Activity: Produce exactly the lines from the one holding "Wir lieben Strick" through the last line of the data below, with every picture left out.

Source data:
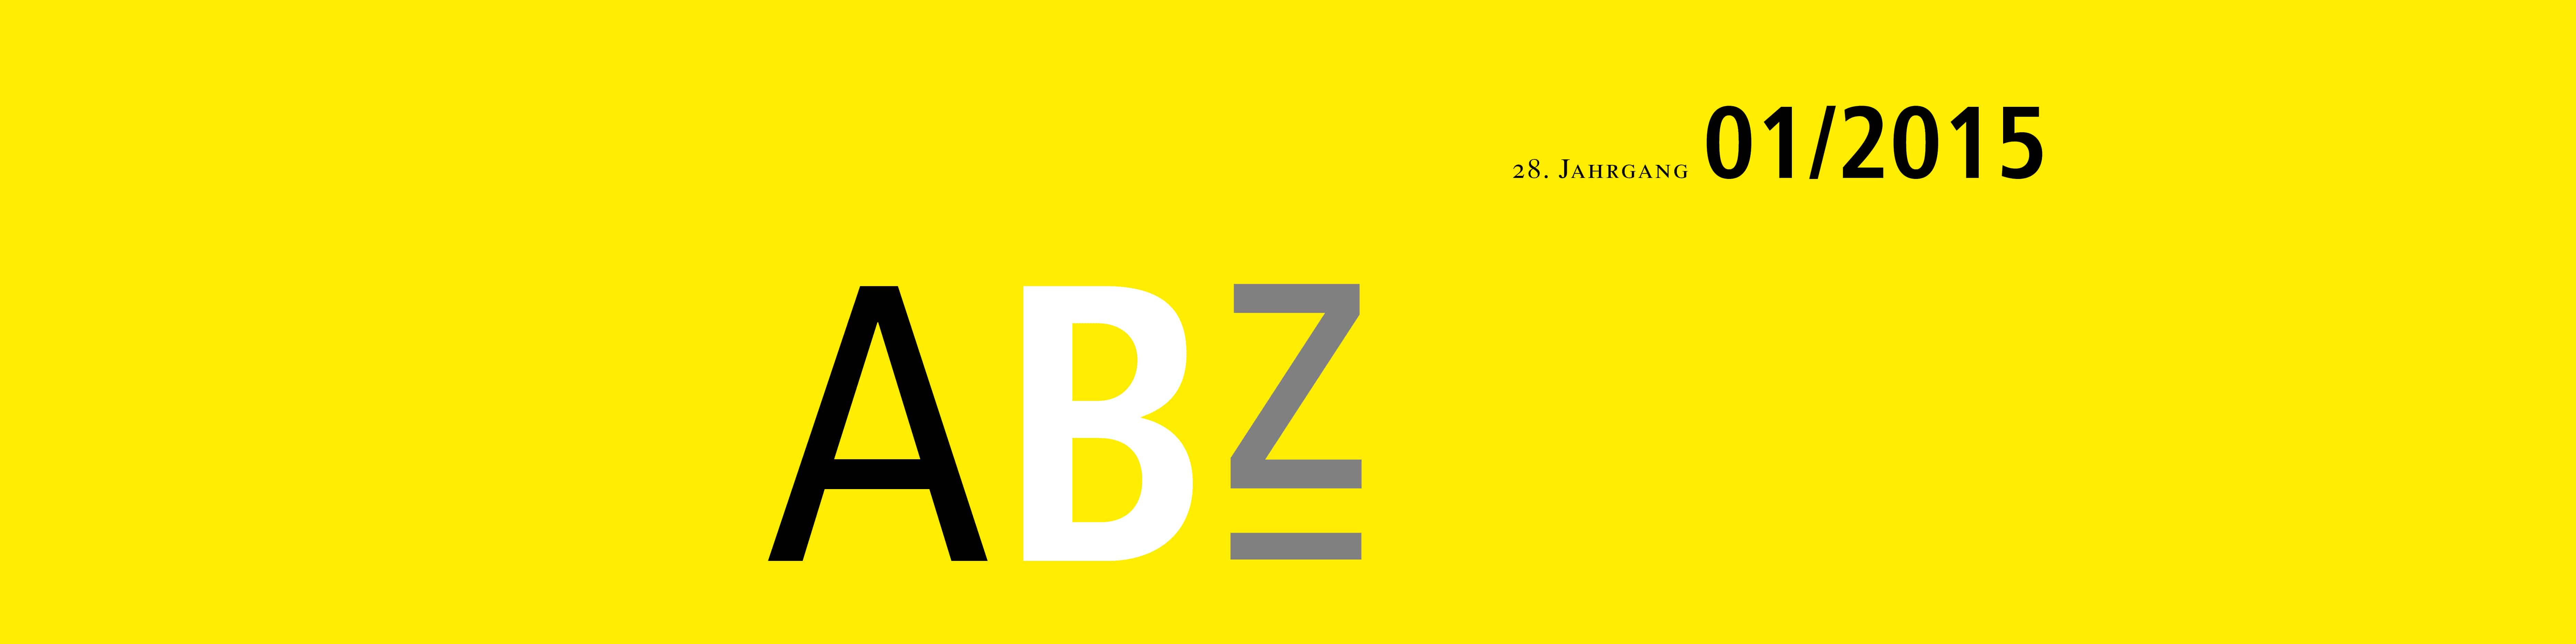 ABZ TANNER Zeitschrift Header 01/2015
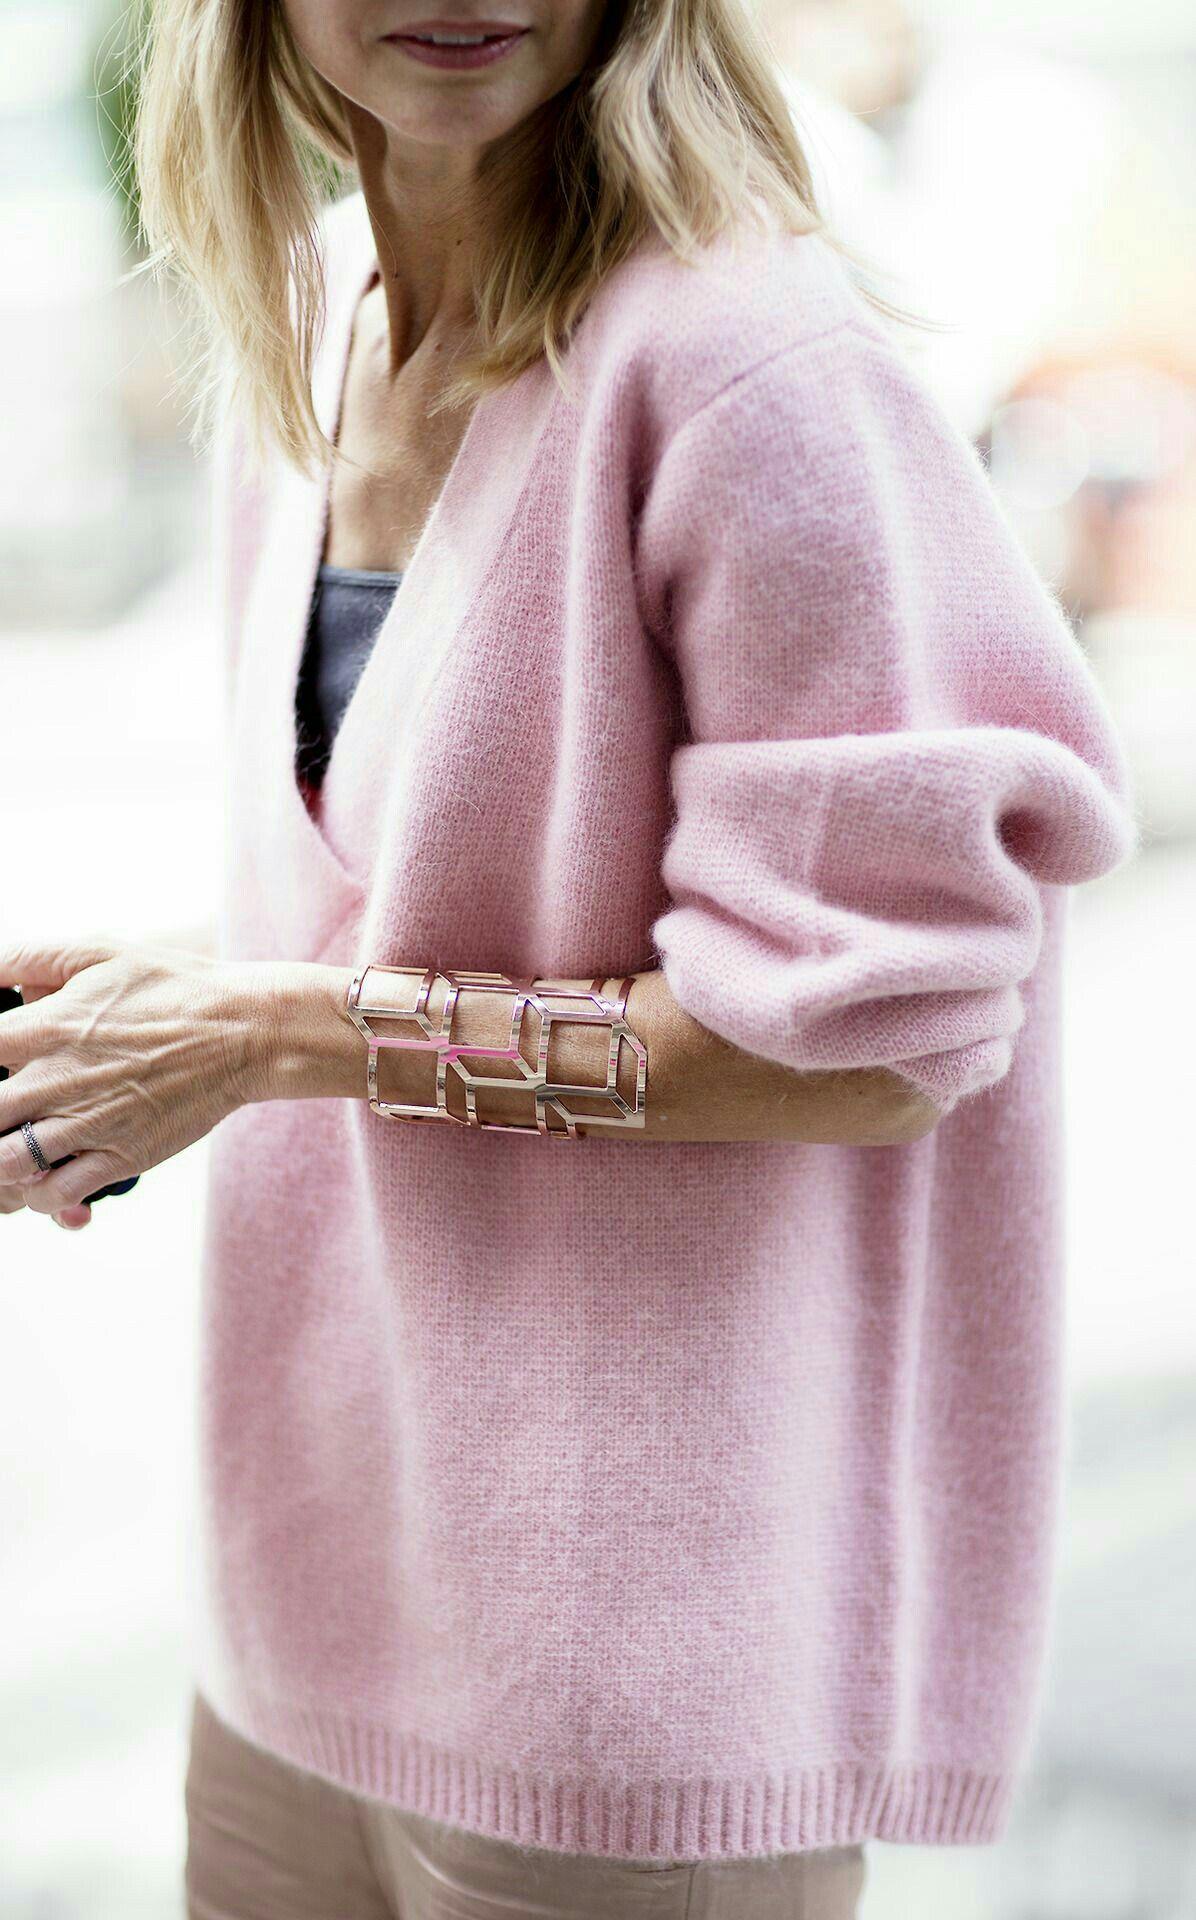 Wir lieben Strick und du? Finde einzigartige Styles im Strick Look und verliebe dich in die Details.  Style den Look nach.  #strick #wirliebenstrick #looks #mode #fashion #knitwear #pullover #pulli
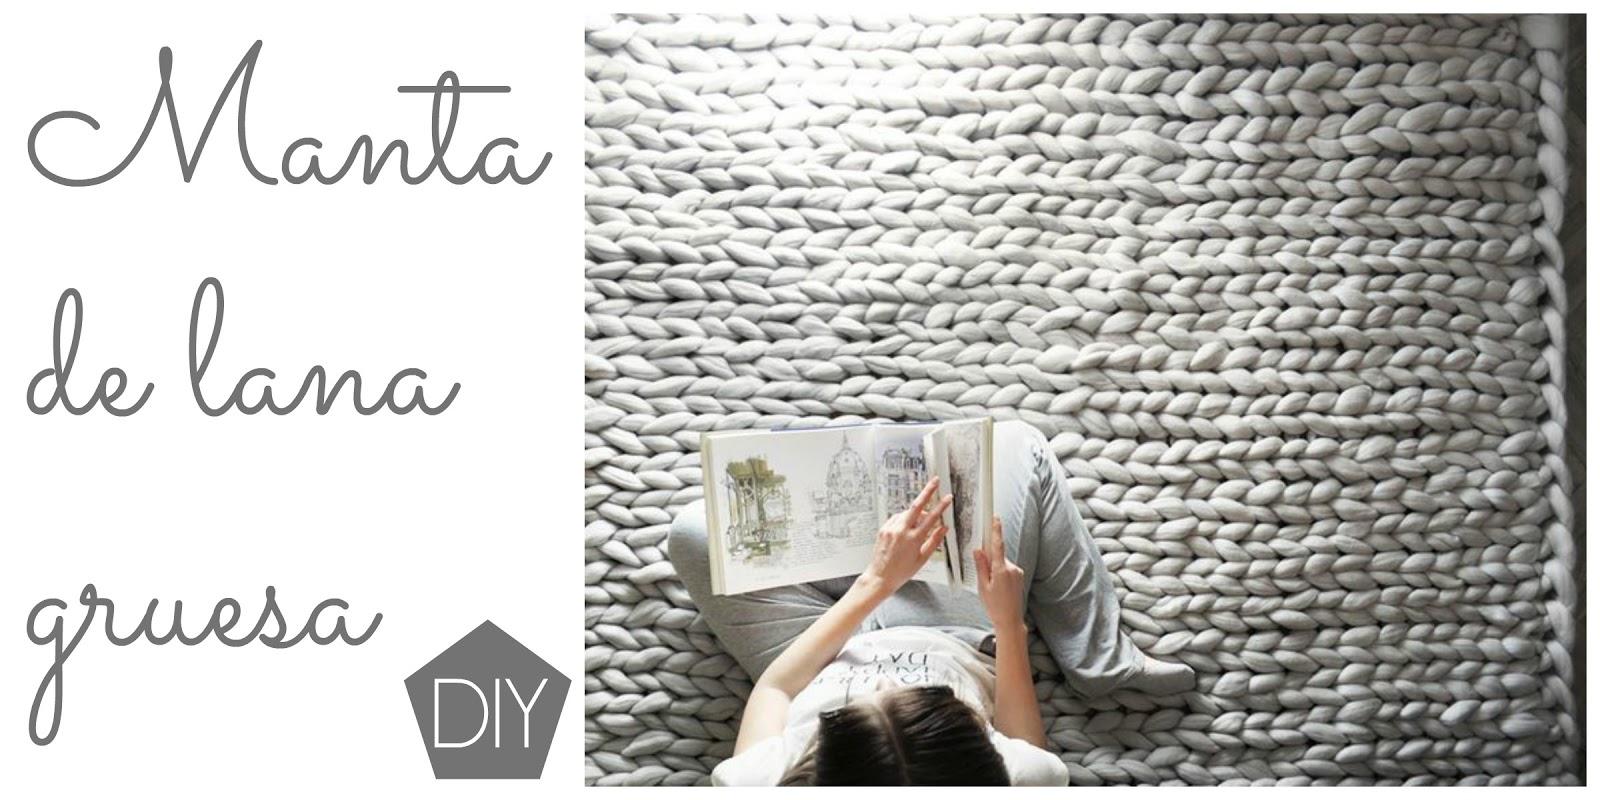 Manta de lana gruesa DIY - DIARIODECO
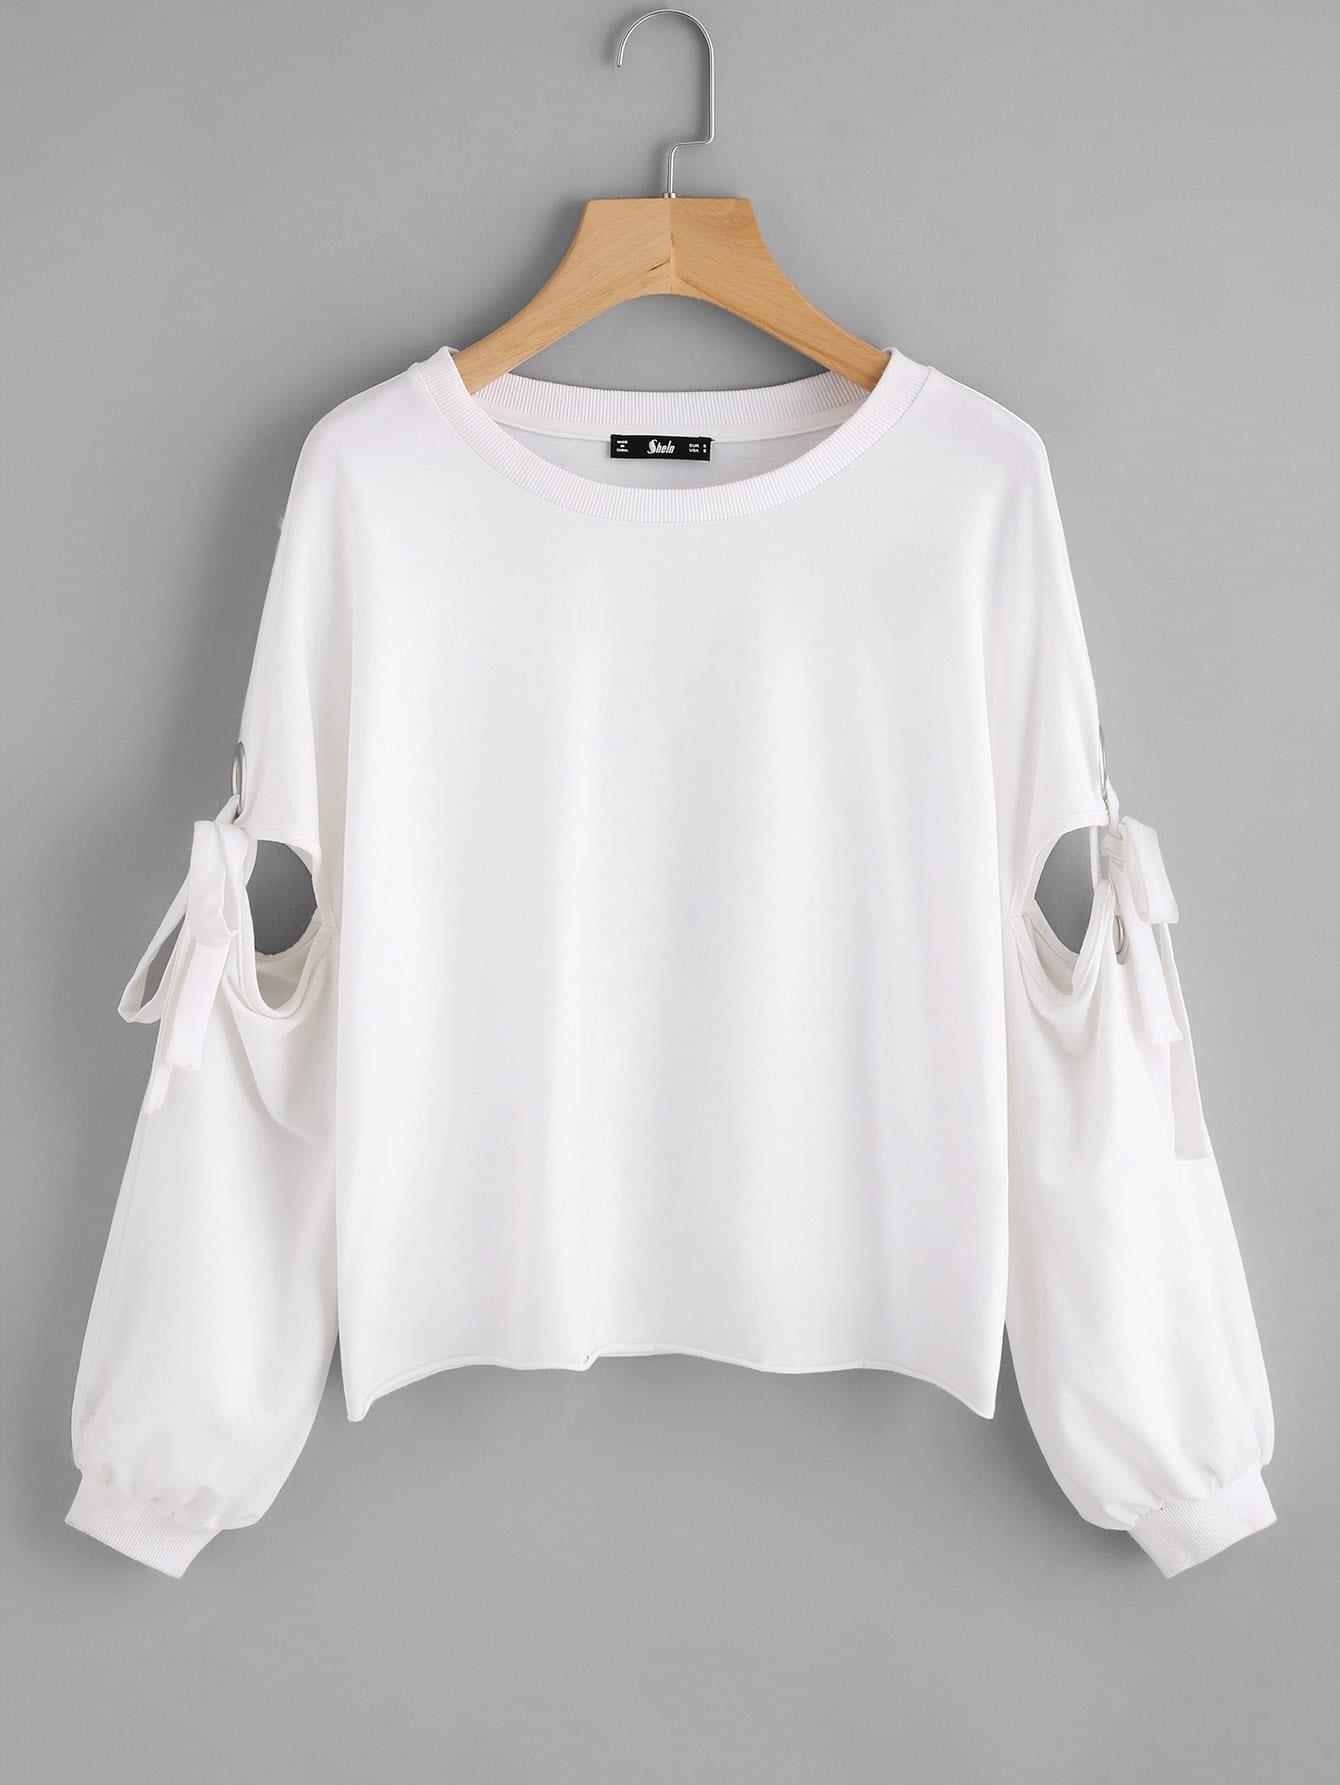 Grommet Detail Tied Open Sleeve Sweatshirt metal grommet detail drop shoulder sweatshirt dress

Output of the task:
 Wir lieben Strick und du? Finde einzigartige Styles im Strick Look und verliebe dich in die Details.  Style den Look nach.  #strick #wirliebenstrick #looks #mode #fashion #knitwear #pullover #pulli
 Manta de lana gruesa DIY - DIARIODECO
 Grommet Detail Tied Open Sleeve Sweatshirt metal grommet detail drop shoulder sweatshirt dress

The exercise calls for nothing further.